The Agent — Coach Ace

COACH ACE — FULL TOOL MAP
────────────────────────────────────────────────────────────────────

TIER 1 — Core Analysis  (fires silently every 2-3 answers)
┌───────────────────────────┬──────────────────────────────────────┐
│ Tool                      │ What It Does                         │
├───────────────────────────┼──────────────────────────────────────┤
│ save_session_feedback     │ Scores 4 dimensions 0-100:           │
│                           │ Confidence, Clarity, Content,        │
│                           │ Body Language                        │
├───────────────────────────┼──────────────────────────────────────┤
│ detect_filler_words       │ Counts um / uh / like / you know.    │
│                           │ Updates live sidebar counter + tips  │
├───────────────────────────┼──────────────────────────────────────┤
│ analyze_body_language     │ Rates posture, eye contact,          │
│                           │ expression from live camera frame    │
├───────────────────────────┼──────────────────────────────────────┤
│ evaluate_star_method      │ Checks S-T-A-R answer structure.     │
│                           │ Lights up S T A R badges in real time│
└───────────────────────────┴──────────────────────────────────────┘

TIER 2 — Deep Coaching
┌───────────────────────────┬──────────────────────────────────────┐
│ analyze_voice_confidence  │ Pace, volume, tone, pause analysis   │
│ get_improvement_tips      │ Targeted coaching per weakness       │
│ fetch_grounding_data      │ Pulls from verified local KB         │
│ adjust_difficulty_level   │ Scales question difficulty up/down   │
└───────────────────────────┴──────────────────────────────────────┘

TIER 3 — Session Management
┌───────────────────────────┬──────────────────────────────────────┐
│ get_session_history       │ Retrieves scores from past sessions  │
│ save_session_recording    │ Persists transcript + all metrics    │
│ generate_session_report   │ Builds full post-interview breakdown │
└───────────────────────────┴──────────────────────────────────────┘

GROUNDING
┌───────────────────────────┬──────────────────────────────────────┐
│ google_search             │ ADK built-in. Live web search for    │
│ (ADK built-in)            │ company-specific interview facts     │
└───────────────────────────┴──────────────────────────────────────┘

Architechture -

The Dual Grounding System

Early in development, Coach Ace would confidently hallucinate Amazon Leadership Principles or invent Google interview formats.
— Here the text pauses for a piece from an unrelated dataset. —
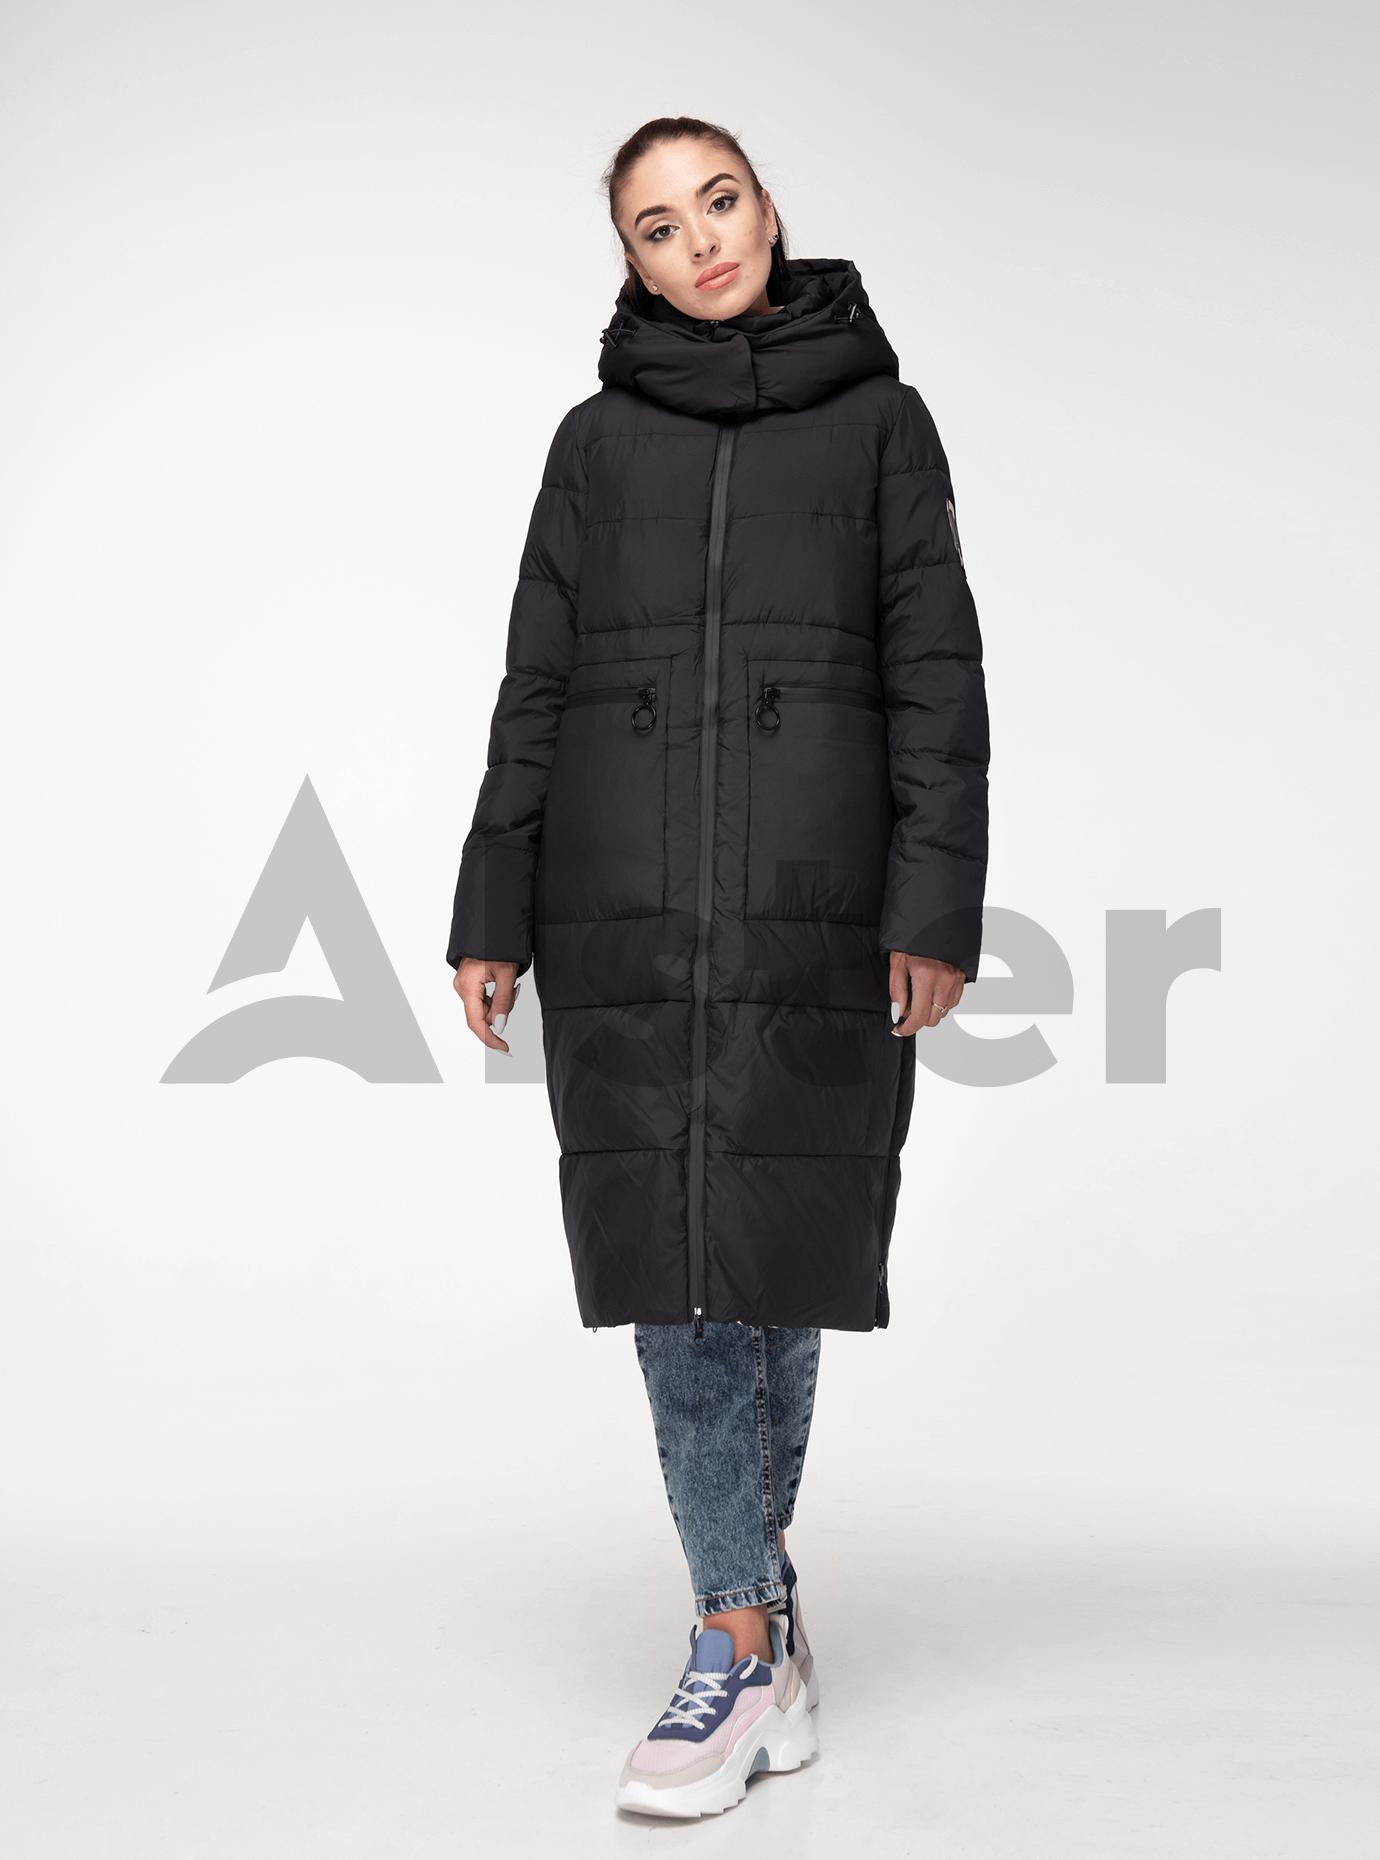 Куртка жіноча зимова довга Чорний M (05-T19088): фото - Alster.ua

I fixed it with two grounding layers:

CANDIDATE ASKS: "What is Google's interview process like?"
                              │
                              ▼
                ┌─────────────────────────┐
                │     GROUNDING ROUTER    │
                └────────┬────────────────┘
                         │
            ┌────────────┴────────────┐
            ▼                         ▼
┌─────────────────────┐   ┌─────────────────────┐
│ fetch_grounding_    │   │   google_search()    │
│ data()              │   │   ADK built-in       │
│                     │   │                     │
│ LOCAL KNOWLEDGE     │   │  LIVE WEB SEARCH    │
│ BASE                │   │                     │
│ (grounding_data.py) │   │  Searches for real, │
│                     │   │  current company    │
│ Covers:             │   │  interview info     │
│ • STAR method       │   │                     │
│ • Body language     │   │  Prevents all       │
│ • Voice delivery    │   │  hallucination of   │
│ • Common mistakes   │   │  company-specific   │
│ • Coaching tips     │   │  facts              │
└──────────┬──────────┘   └──────────┬──────────┘
           │                         │
           └────────────┬────────────┘
                        ▼
             GROUNDED RESPONSE
             (accurate + verified)

Code Deep Dive

1. The WebSocket Bridge (`main.py`)

@app.websocket("/ws")
async def websocket_endpoint(websocket: WebSocket):
    await websocket.accept()

    session_service = InMemorySessionService()
    session = await session_service.create_session(
        app_name="interviewace",
        user_id="candidate",
        session_id=str(uuid.uuid4())
    )

    live_request_queue = LiveRequestQueue()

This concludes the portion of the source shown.